Мэри Хиггинс Кларк

Пока моя красавица спит

1

Он осторожно ехал по скоростному шоссе к Моррисон-парку. От Манхэттена до округа Рокленд всего тридцать пять миль, но дорога ужасная. В шесть утра все еще темно. Ночью началась метель, которая постоянно усиливалась, хлопья снега липли к ветровому стеклу. Над землей, словно огромные воздушные шары, вот-вот готовые лопнуть, висели тяжелые свинцовые тучи. В прогнозе погоды сообщили: может выпасть до двух дюймов снега, но после полуночи снегопад утихнет. Как обычно, синоптики ошиблись.

Вот и парк. В такую погоду вряд ли кто-то гуляет или бегает трусцой. Полицейский участок остался в десяти милях позади, но мимо только что промчалась, сверкая мигалкой, патрульная машина. Наверное, на вызов. Да и с чего бы копам его останавливать? Им и в голову не придет, что в багажнике его машины под кучей тряпок лежит пластиковый мусорный мешок с телом шестидесятилетней Этель Лэмбстон, известной писательницы. Втиснут рядом с запасной шиной.

Он свернул с шоссе и въехал на парковку. Как он и рассчитывал, там никого не было. Всего несколько машин, да и те под толстой снежной пеленой. Не иначе, на пикник прикатили, недоумки. Теперь главное — не столкнуться с кем-нибудь из них ненароком.

Вылезая из машины, он внимательно огляделся. Никого. Колеи уже припорошило снегом.
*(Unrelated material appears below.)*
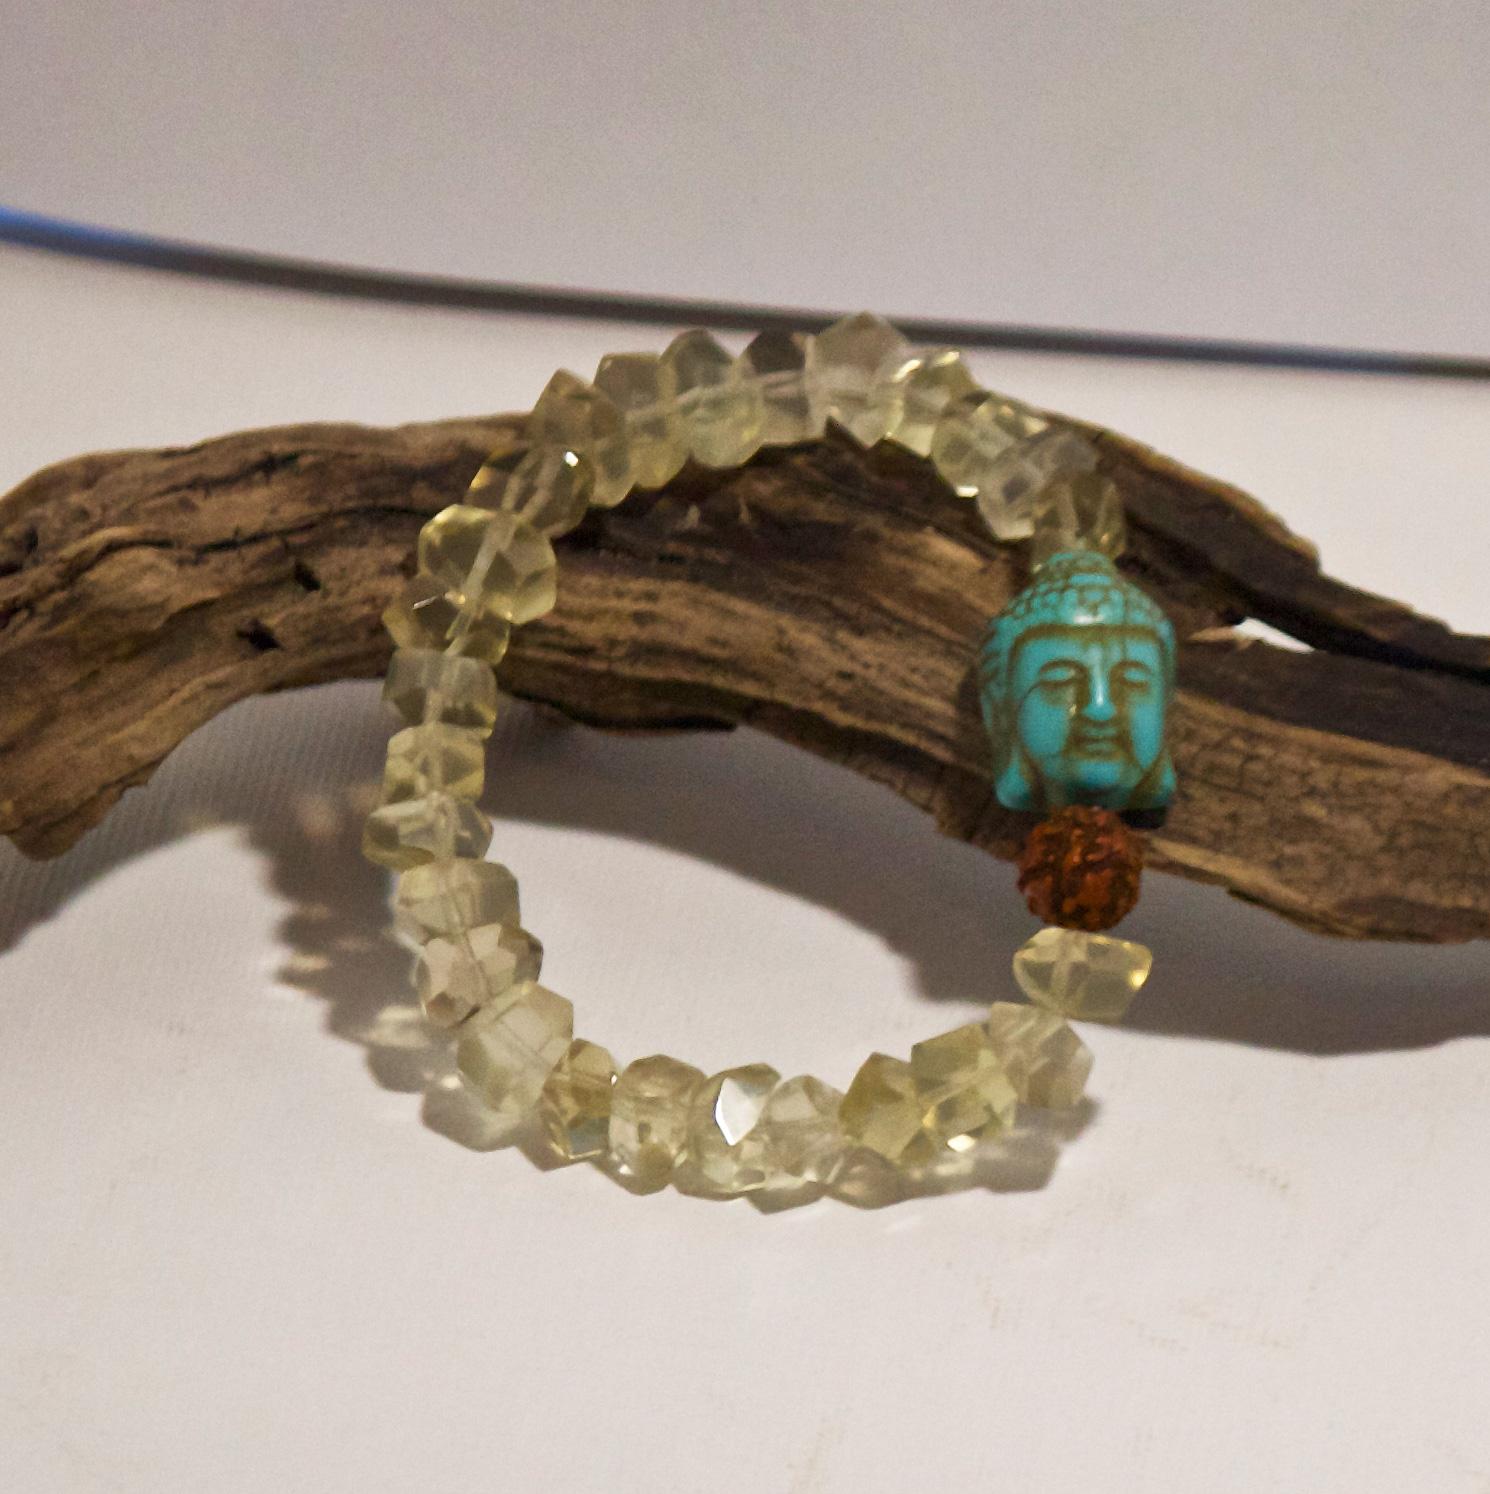 lemon-quartz-wrist-mala-2.jpg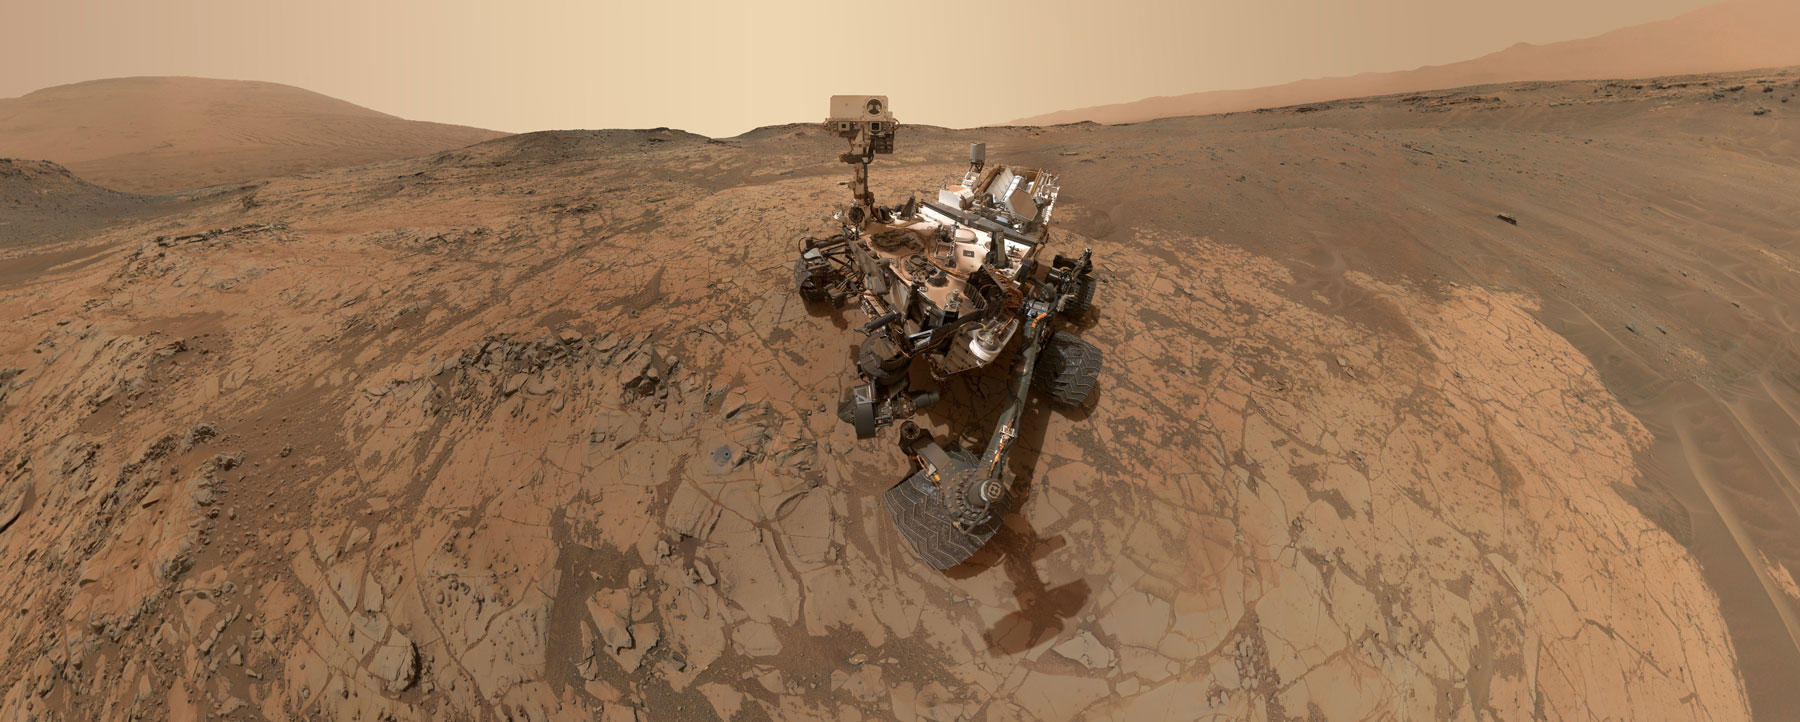 Curiosity's selfie

Заметет и его следы, замаскирует место, где он спрячет труп. А если повезет, к тому времени, когда тело обнаружат, там и смотреть будет не на что.

Он прошелся к облюбованному месту. Слух у него был острый. И он изо всех сил напрягал его, стараясь расслышать, не раздастся ли посторонний звук среди завывания ветра и потрескивания отяжелевших веток. Тропинка круто уходила вверх. Вокруг громоздились здоровенные камни. Мало кто рисковал сюда карабкаться. А всадникам вообще запрещалось здесь появляться: кому из тренеров охота, чтобы провинциальные домохозяйки — их основные клиенты — сломали себе шею!

Год назад он из любопытства взобрался на гору и, потеряв равновесие на валуне, скатился в расщелину. Еще тогда у него промелькнула мысль, что здесь можно устроить отличный тайник.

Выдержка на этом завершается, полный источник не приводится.